Tuesday, February 19, 2008

Libraries -- Open

I think of libraries as the quintessential open institutions. At least in the U.S. Most libraries are physically open to the public (even those in private institutions), and many serve as community spaces focused on learning, exploring, and simply being. They also promote the open use of what we might call "cultural heritage resources." Libraries fight for open access and they fight censorship all of the way to the Supreme Court.

Yet - there seems to be a real barrier when it comes to libraries being open with their own catalog data. This seems rather odd because most libraries' catalogs are available for open access on the web. But try asking a library for some or all of that data and you suddenly hit a wall. Libraries don't like to say "no" so there's a lot of hemming, hawing, "we'll think about that," that goes on. But an out-and-out "yes" is rare.

I speak about this based on my experience with the Open Library, a project of the Internet Archive. The OL wants to create a humongous bibliographic database (right now only of book records) on the Web, using a wiki-like front-end that would allow anyone to edit the bibliographic data. To me the most interesting aspect of the project is that it would bring bibliographic entries to the web's surface; they could be the subject of links from other documents, and potentially could begin the creation of a bibliographic web linking books to each other. But in spite of putting out a call for bibliographic records and making personal and direct pleas to a number of libraries, the OL has received only a lukewarm response.

To be sure, any data submitted to the Internet Archive becomes publicly available. And at some time in the future it may be possible for people to download individual bibliographic records for their own use. I know that there is some speculation that OCLC "owns" the data and that the OCLC license may not allow this level of re-distribution. I also know that some records in library databases are covered by vendor licenses (other than OCLC). Presumably those could be excluded from the data set. But it still surprises me how un-open libraries are with their own data, given how much they encourage others to be open with theirs.

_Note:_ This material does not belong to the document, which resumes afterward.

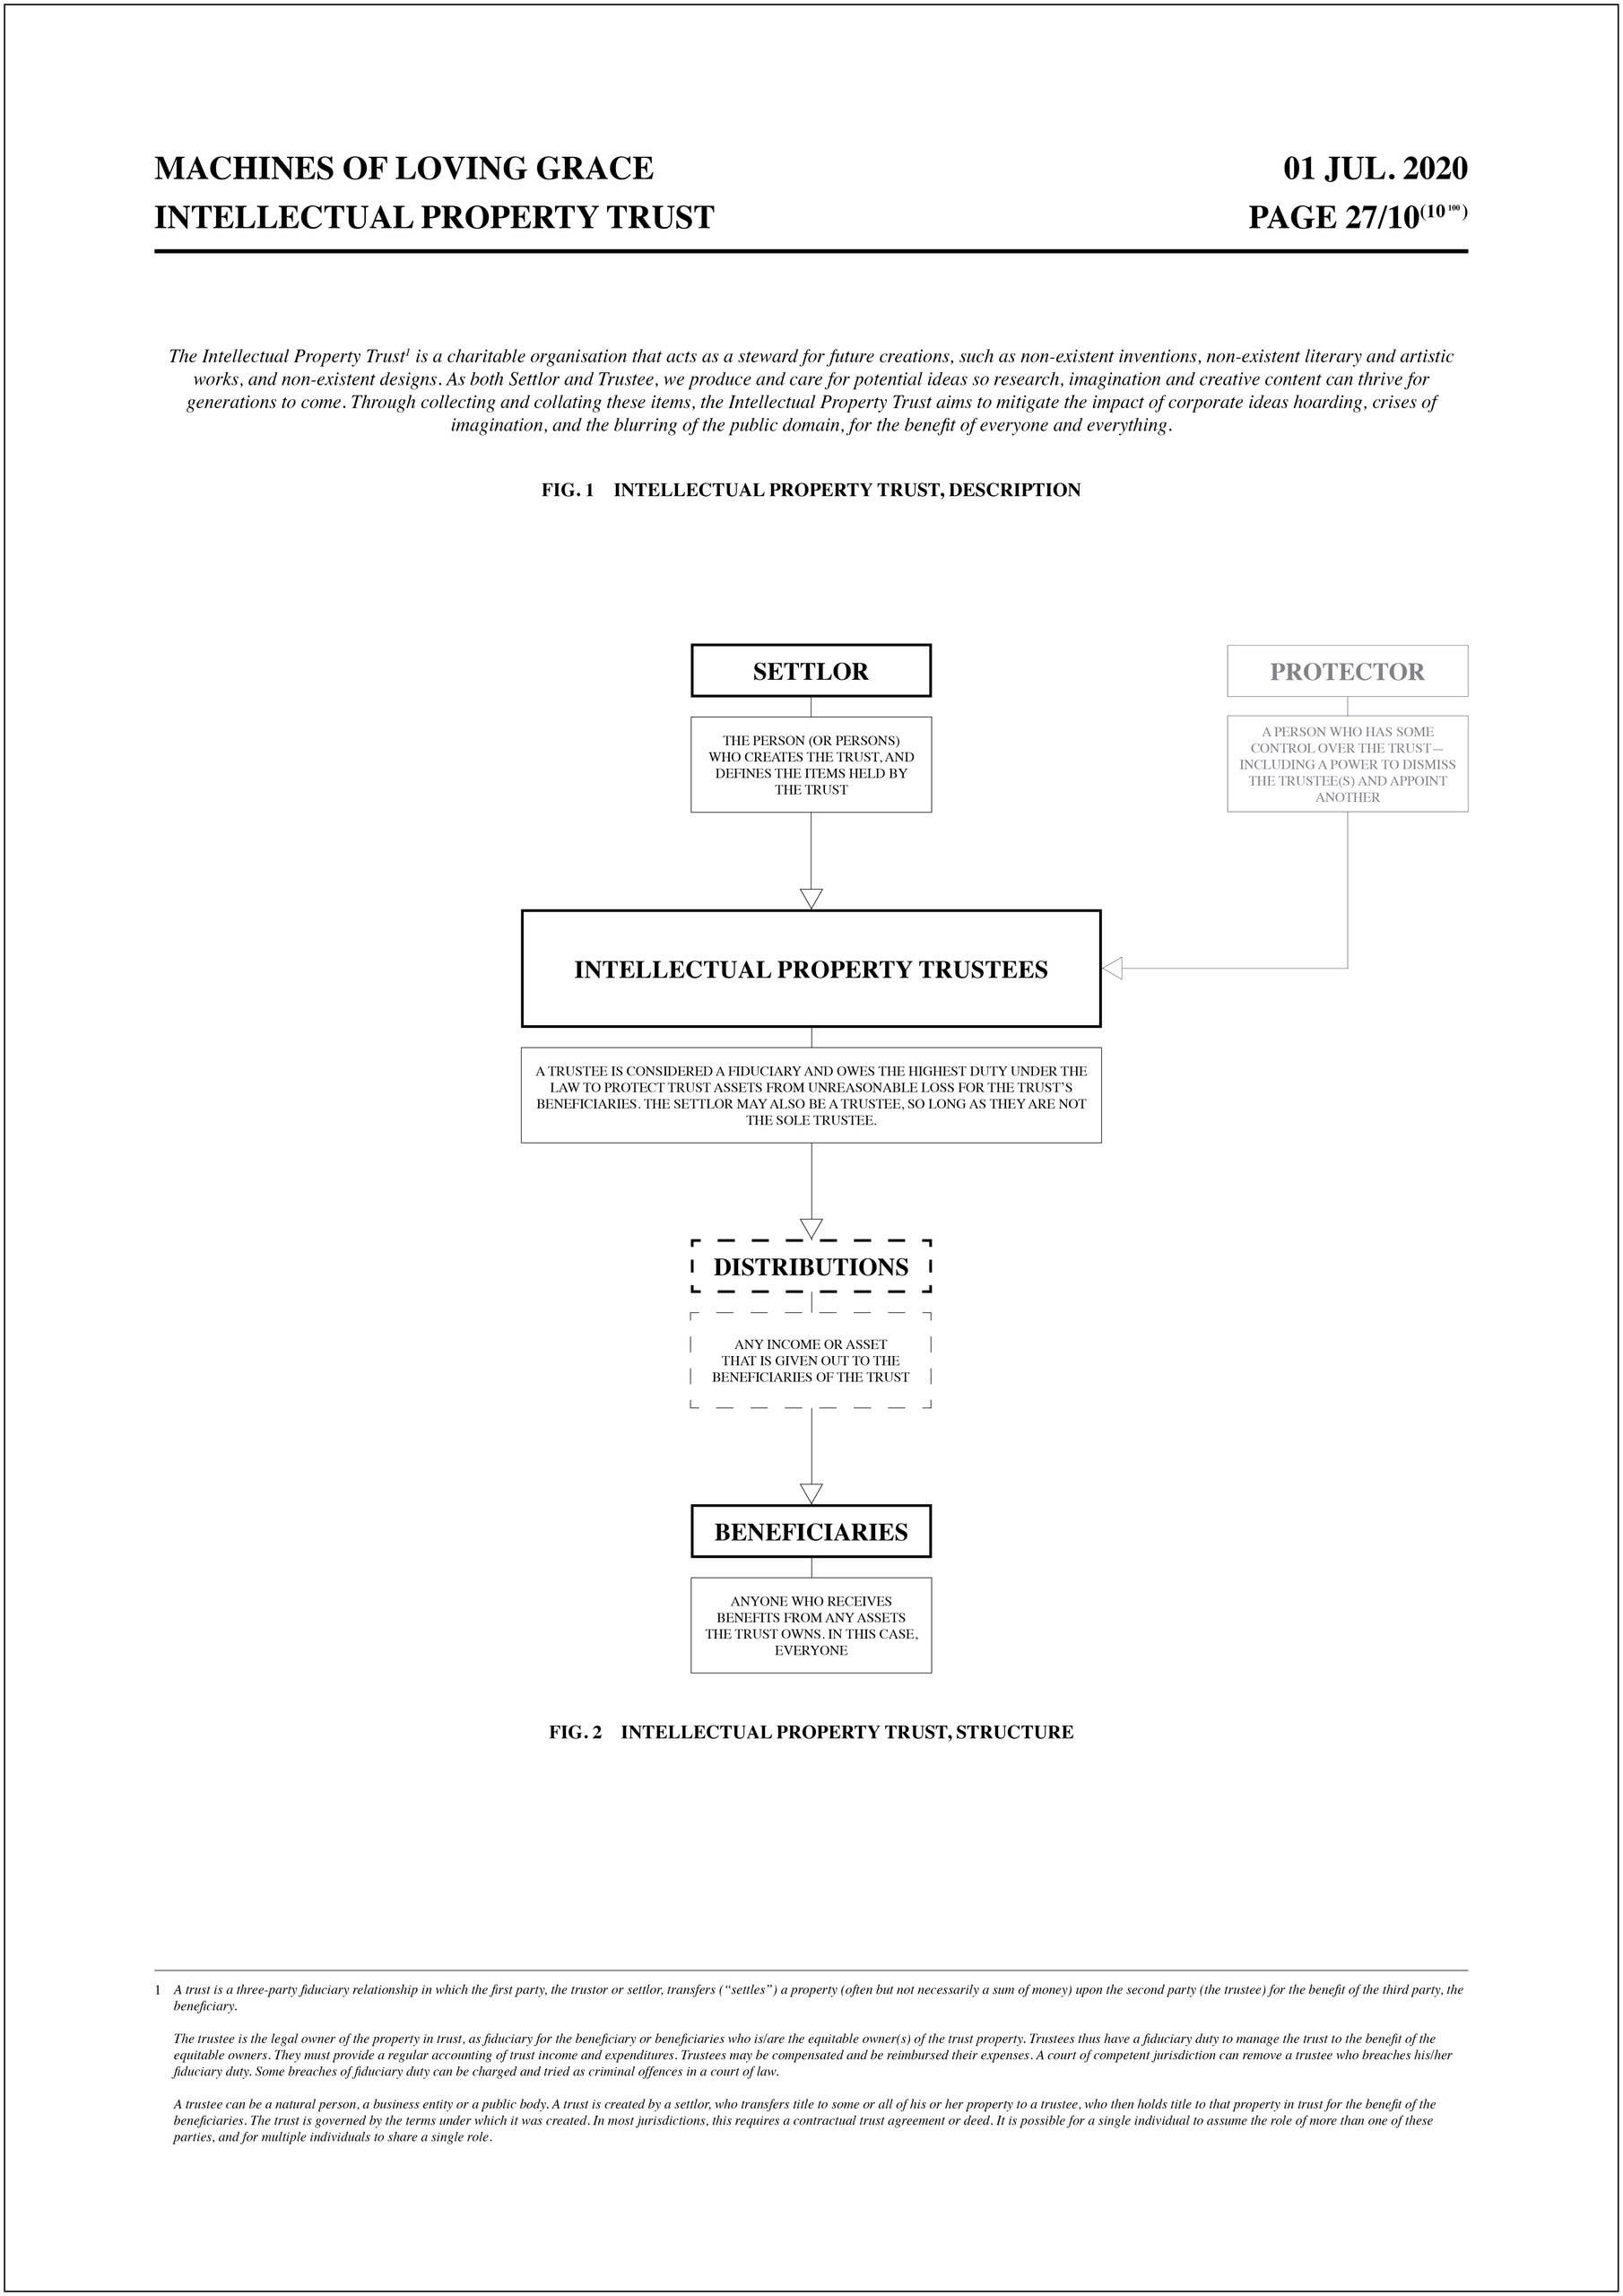 Intellectual Property Trust Organogram

During the comment period for the Future of Bibliographic Control report, the Open Knowledge Foundation posted a call for library data openness on the OKF wiki. Many dozens signed their names to the OKF's call for open licensing of bibliographic data, including important people like Larry Lessig and Tim O'Reilly. The arguments in OKF's document seemed pretty clear to me:

Bibliographic records are a key part of our shared cultural heritage. They too should therefore be made available to the public for access and re-use without restriction. Not only will this allow libraries to share records more efficiently and improve quality more rapidly through better, easier feedback, but will also make possible more advanced online sites for book-lovers, easier analysis by social scientists, interesting visualizations and summary statistics by journalists and others, as well as many other possibilities we cannot predict in advance.
Nothing of this was included in the final report.

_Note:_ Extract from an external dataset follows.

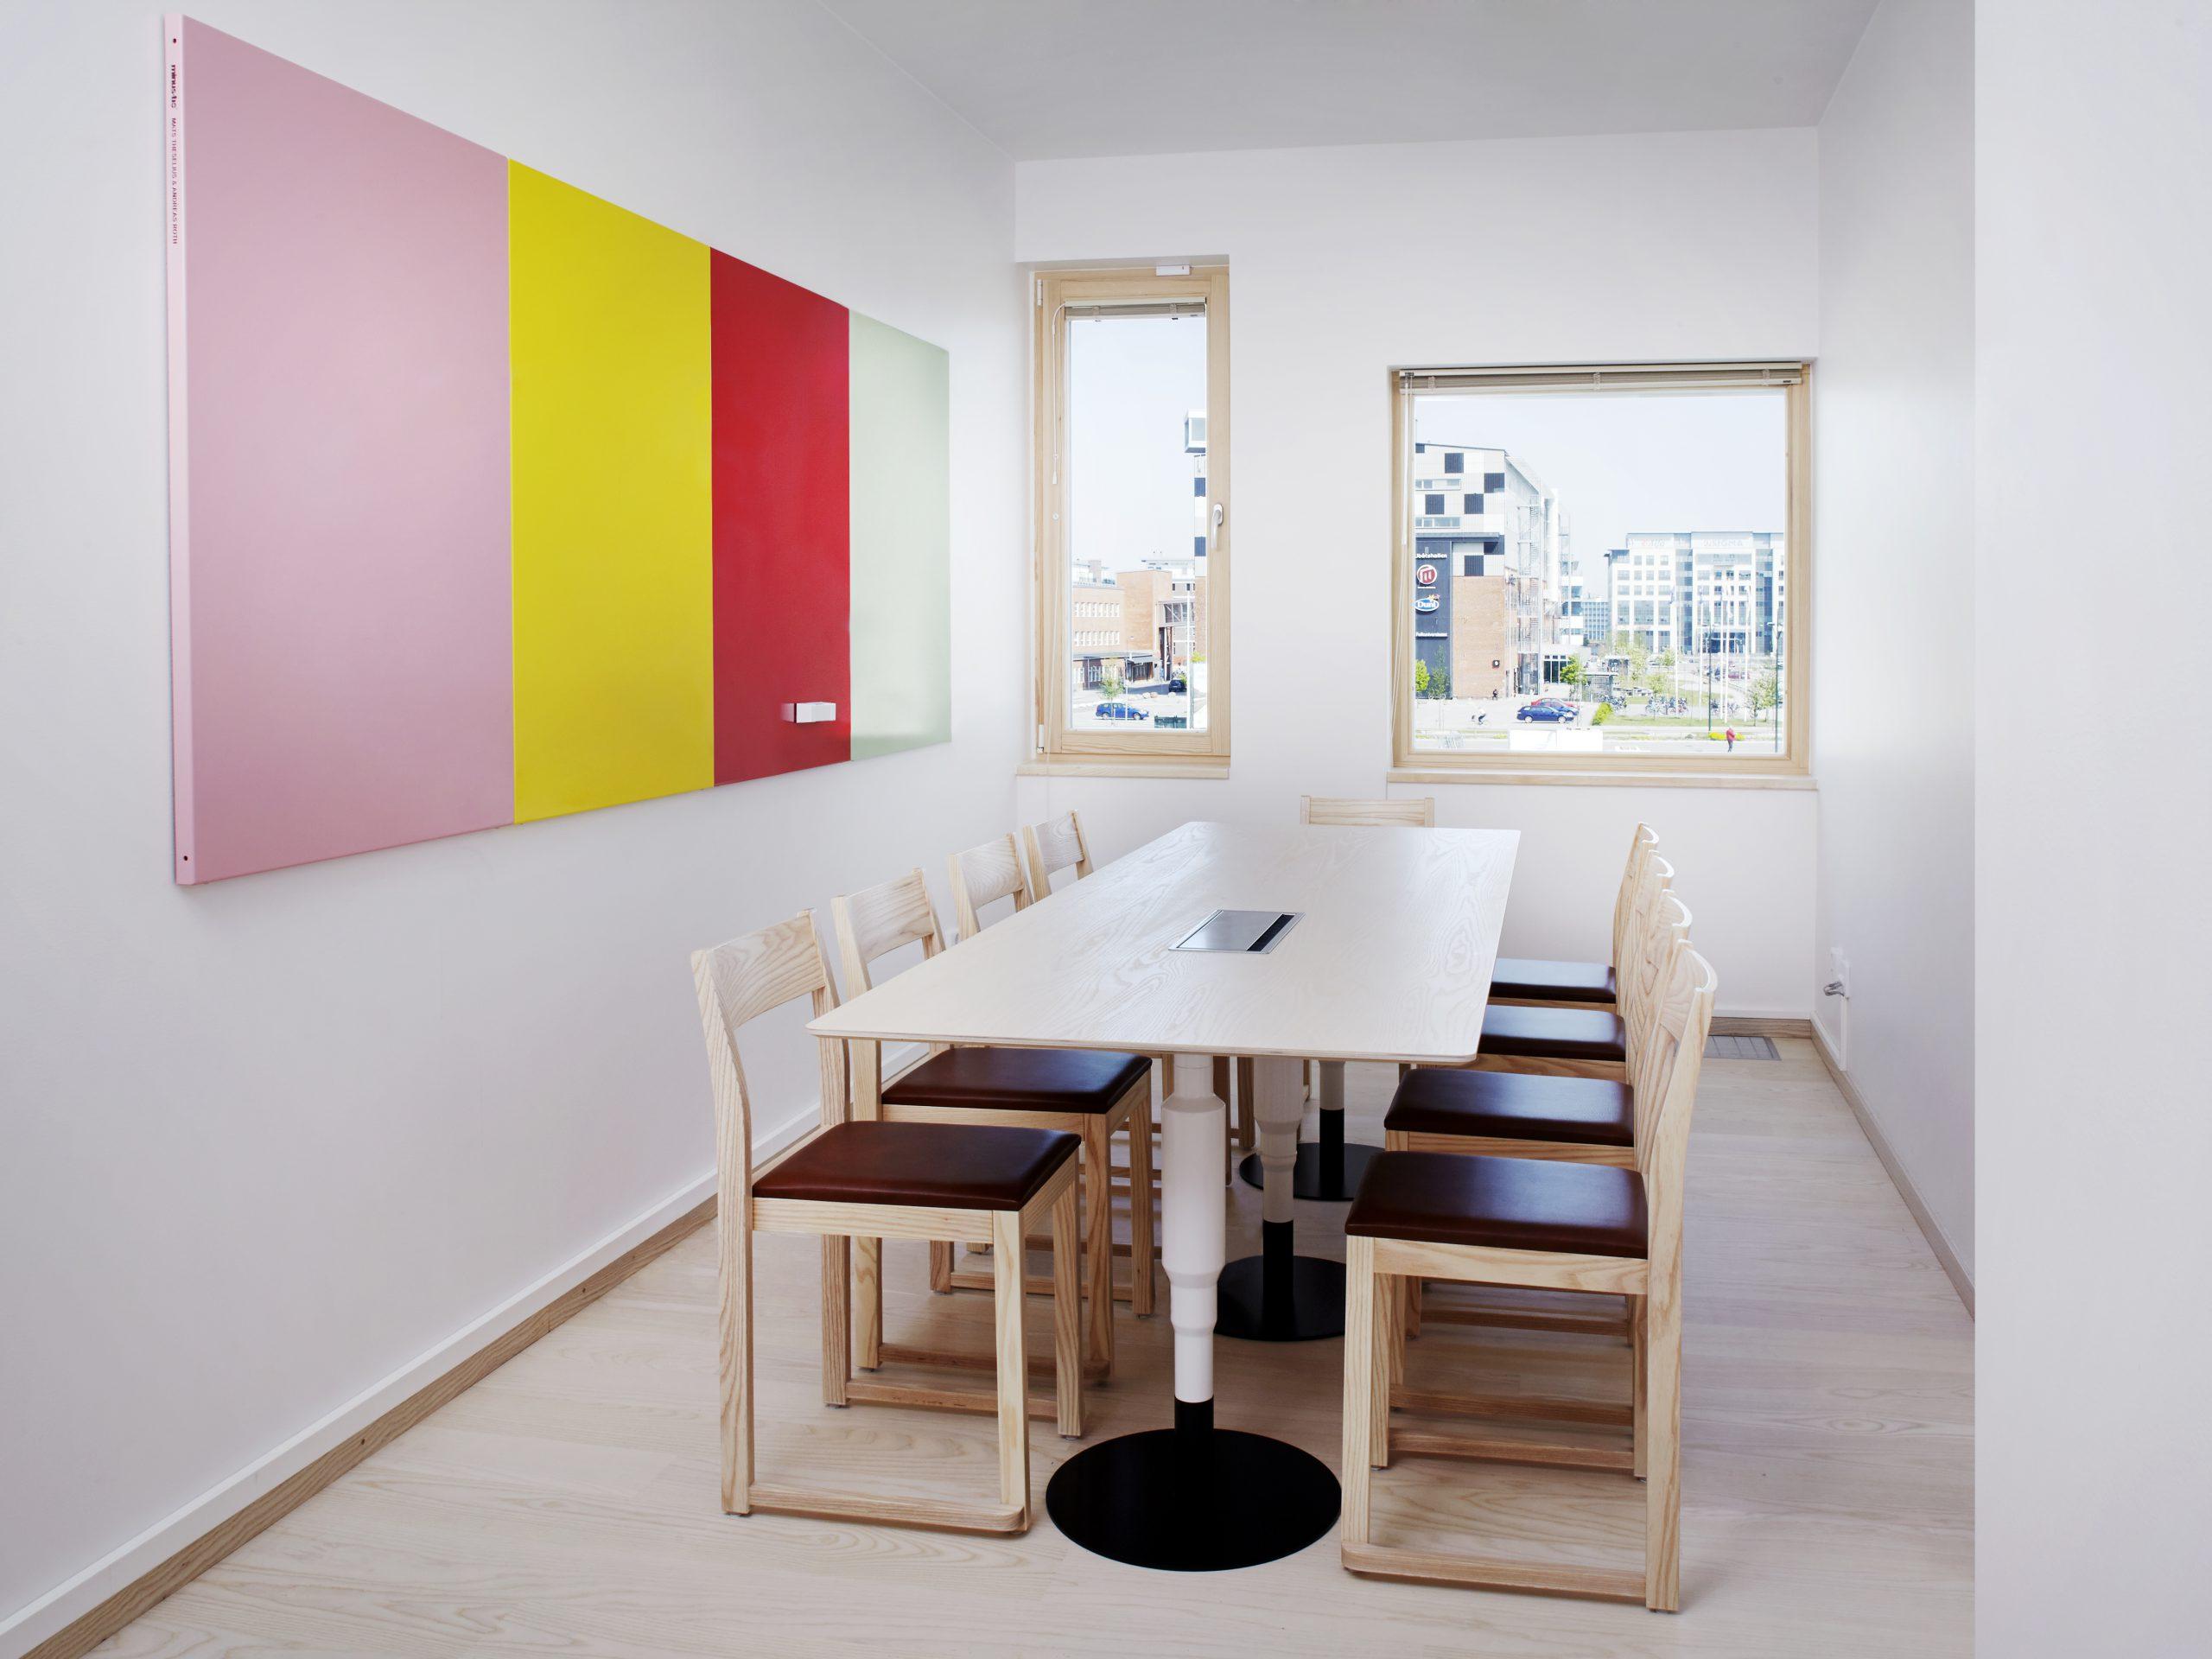 https://www.minustio.se/wp-content/uploads/2021/03/Minus-tio-Cosmos-X-table-Slim-One-chairs-Eon-1600x900.jpg

Libraries complain that they don't get the kind of attention that Web resources like Google and OL get. They complain about the lack of transparency of the commercial data vendors; that Google won't say how many books it has online nor will it reveal its work on attempts to rank book retrievals. Libraries could be doing this experimentation themselves, and in the open, if their data were on the Web. They could be visible, out there, allowing incredible innovation to happen based on the hundreds of years of collecting materials and creating relatively consistent metadata for those materials. Their reluctance to let their data out of the databases just baffles me, and isn't in concert with their stated goals of open access.


Kelly said...

A few times we have also been approached to share our data, a request I passed on to our cataloging department. As we do a great deal of record customization, the cataloging department was primarily concerned about the quality of the records. They didn't want to put potentially non-perfect records 'out there.' (And yes our catalog is online). I believe it's the added exposure of errors that make them pull back rather than an unwillingness to share.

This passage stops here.